Since it emerged that two New Zealanders were killed in a US-led drone strike last November in Yemen, rights organizations and other NGOs once again called for an immediate review of Washington’s extra-territorial counter-terror strategy, arguing that such targeted killings cannot be justifies within the parameters of the law.
The National Centre for Peace and Conflict Studies warned “The American drone strike programme to prevent terrorism is ineffective and serves only to fuel Muslim militancy.”
Even though New Zealand Prime Minister, John Key attempted to diffuse the situation by arguing that should his office had been notified of the planned strike against his nationals he would have warranted the attack based on the “legitimacy” of the data, Professor Richard Jackson, Deputy Director of the National Centre for Peace and Conflict Studies at Otago University warned that it is such disdain toward international law which rights activists aimed to combat.
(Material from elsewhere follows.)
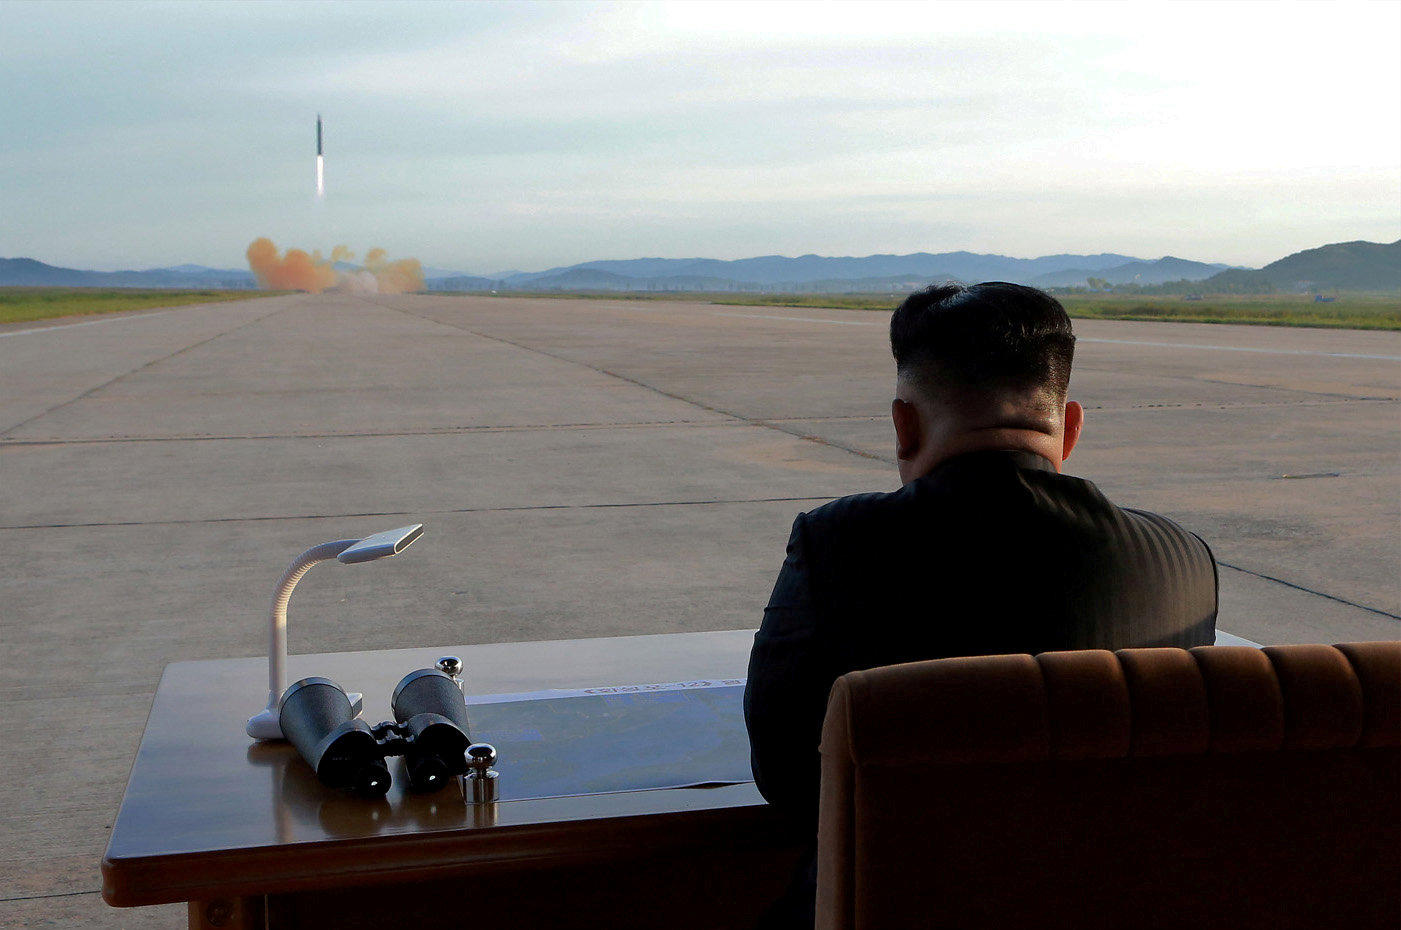 Βόρεια Κορέα: Νέος νόμος προβλέπει ακόμα και προληπτικές πυρηνικές επιθέσεις

Jackson stressed that should Russia or even China had chosen to take out its dissidents in such fashion the international community would have most likely slammed the attack as criminal.
But beyond the legality of such an attack on foreign nationals, rights activists have said the very fact that New Zealand was never made aware of the attack is most troubling.
An American anti-terrorism expert told reporters on Wednesday, “It's unlikely the New Zealand Government received advance warning of the deadly drone strike,” a statement which New Zealand PM seems somewhat to have reinforced in his comment to the press.
Once again America’s war on terror finds itself in the eye of the storm.